Branch of Kuwait's military

The Kuwait Land Forces (القوات البرية الكويتية), established in 1949, is Land warfare and the oldest branch among the Armed Forces of Kuwait. Its cavalry and infantry predecessors operated in desert and metropolitan areas in 1919, 1920 and 1928 to 1938, tracing their roots directly to the cavalrymen and infantrymen that defended Al-Kout Fortress since the 19th century along with various mounted defensive forces.

== History ==

The Kuwait Army was created in 1949 by Field Marshal Sheikh Abdullah Mubarak Al-Sabah (1949–1961) during the time when its partnership was included part of the Directorate of Public Security Force in 1938 prior to splitting in 1953. As Sheikh Abdullah Mubarak Al-Sabah headed the Directorate of Public Security Force which included the Kuwait Army; the later, was headed by deputy commander Colonel Mubarak Abdullah Al-Jaber Al-Sabah.

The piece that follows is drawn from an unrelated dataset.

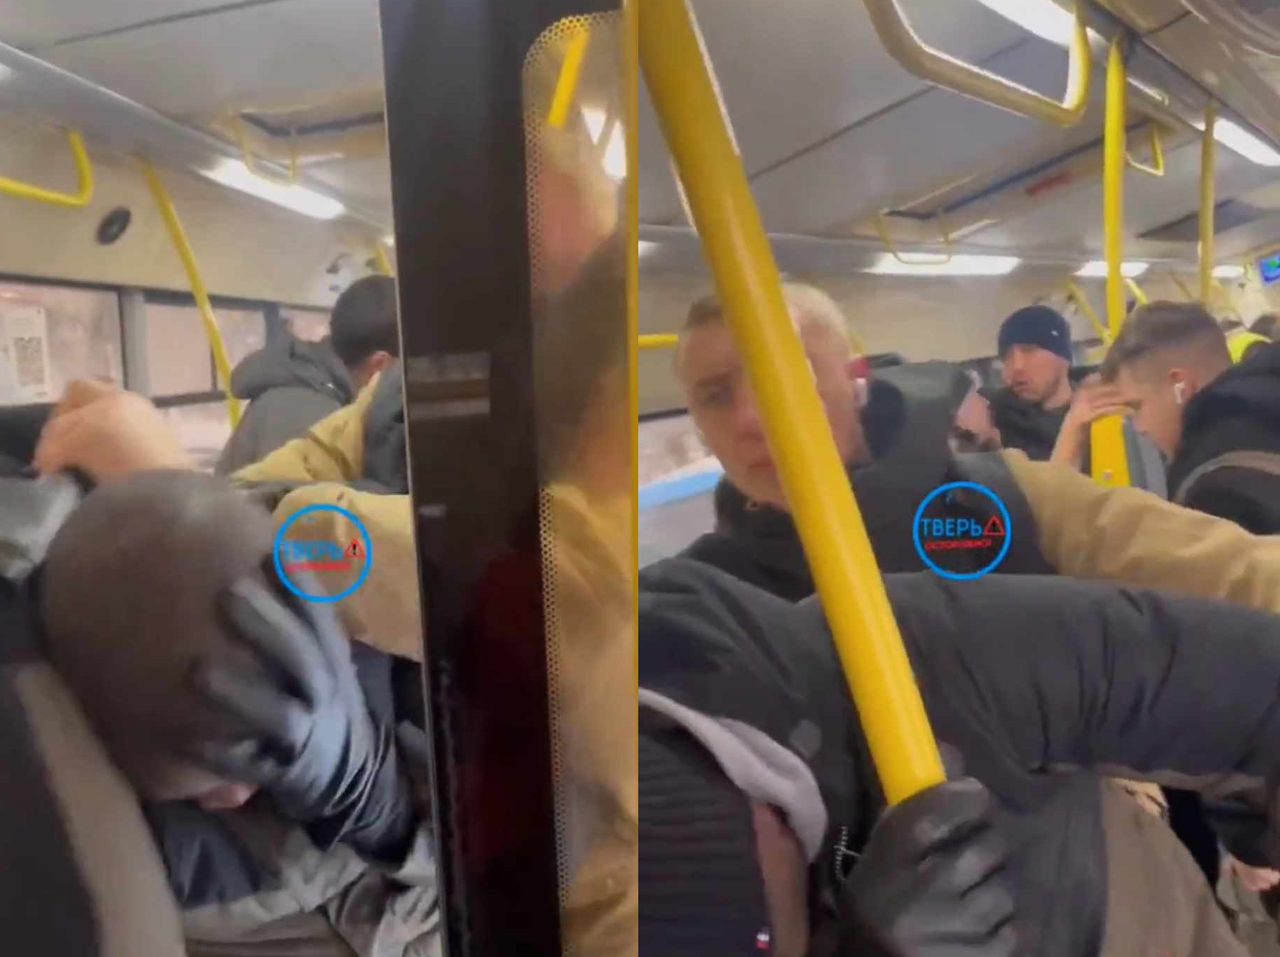 Disturbing footage from Russia. Black passenger assaulted

In 1990 and 1991, during the first Gulf War, most of the equipment was seized and or destroyed by invading Iraqi forces. At that time the Kuwait military was a lot smaller.

In early 2024, up to 149 M-84AB tanks were sent to the Djuro Djakovic factory in Croatia for refurbishment and repairs with the wide belief among military analysts they will be then sent to Ukraine.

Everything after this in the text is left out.